American Sound Artist and Theorist

Brandon LaBelle (born October 23, 1969) is an American artist and sound theorist whose work has influenced the field of sound studies. LaBelle has served as Professor in New Media Art in the Faculty of Fine Art, Music and Design at the University of Bergen since 2011. LaBelle is best known for his books Background Noise: Perspectives on Sound Art and Acoustic Territories: Sound Culture and Everyday Life which are important texts in the sound studies canon. David Byrne, founding member and lead singer of American rock band Talking Heads, listed Acoustic Territories as one of his favorite books about music, including it in a collection of books Byrne curated for London's 2019 Meltdown Festival.

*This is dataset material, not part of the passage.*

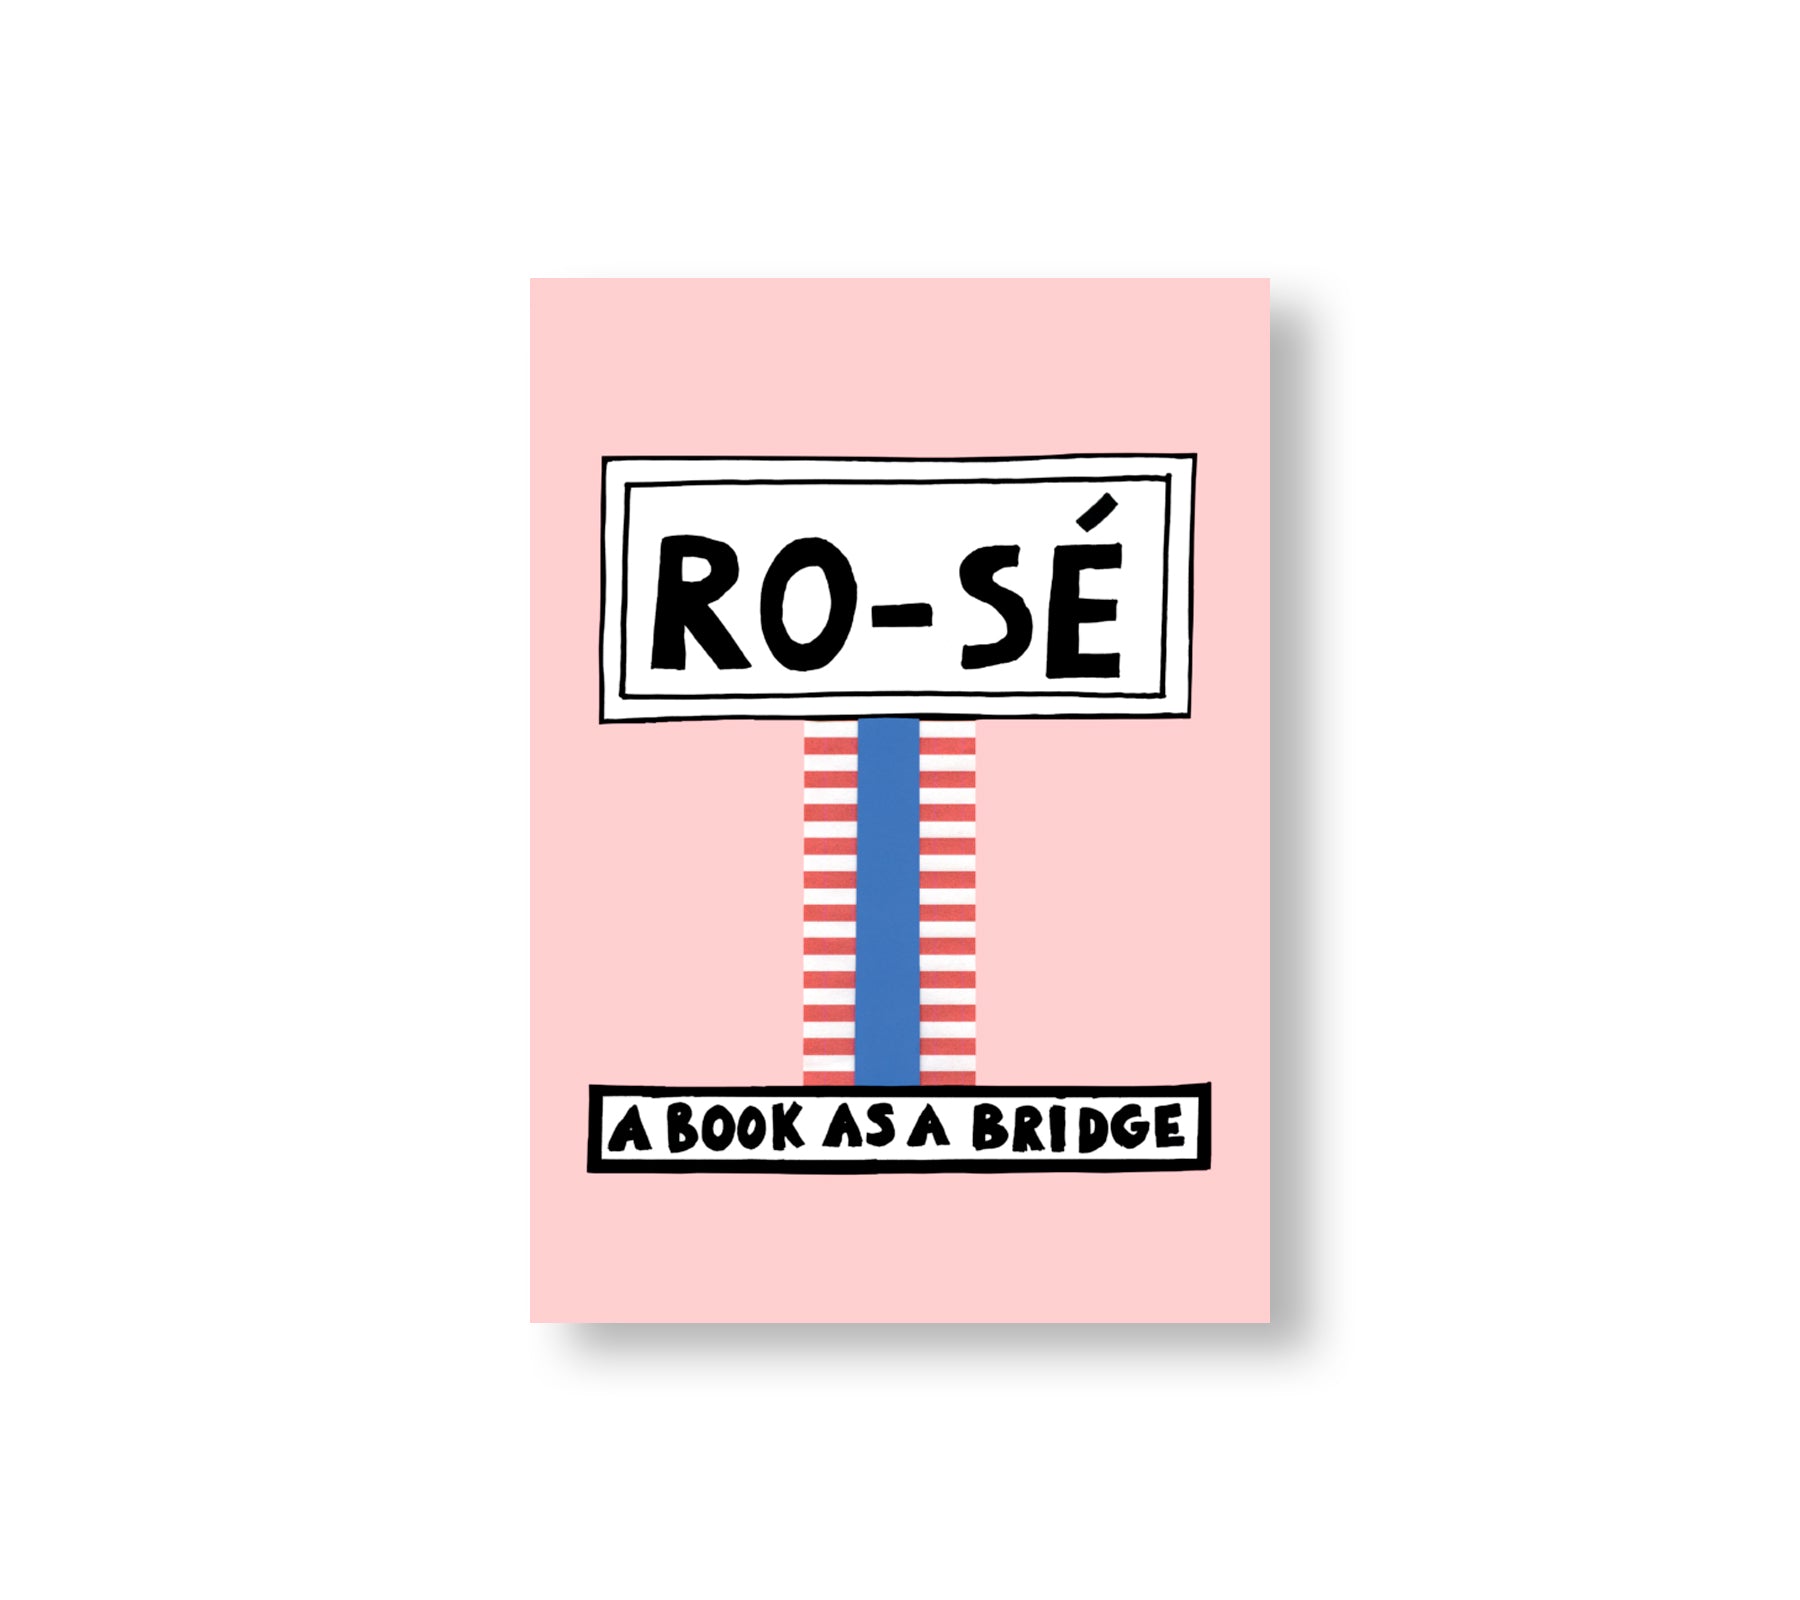 RO-SÉ – A BOOK AS A BRIDGE by Nathalie du Pasquier

== Early life and education ==
Brandon LaBelle was born on October 23, 1969, in Los Angeles, California. He attended Palos Verdes High School. As a drummer, LaBelle took part in the Los Angeles punk rock scene in the 1980s and 90s where he developed "an experimental relation to noise." He graduated with a BFA in 1992, followed by an MFA in 1998 from California Institute of the Arts. In 2005, he was awarded his PhD from the London Consortium.

== Career ==
LaBelle's first exhibitions date from 1995, the year when he also published his first noteworthy papers and gave his first performances as a sound artist. In 2006, LaBelle published Background Noise: Perspectives on Sound Art. In 2010, he published Acoustic Territories: Sound Culture and Everyday Life.

== Selected publications ==
- Background Noise: Perspectives on Sound Art (2006)
- Acoustic Territories: Sound Culture and Everyday Life (2010)
- Lexicon of the Mouth: Poetics and Politics of Voice and the Oral Imaginary (2014)
- Sonic Agency: Sound and Emergent Forms of Resistance (2018)
- Acoustic Justice: Listening, Performativity, and the Work of Reorientation (2021)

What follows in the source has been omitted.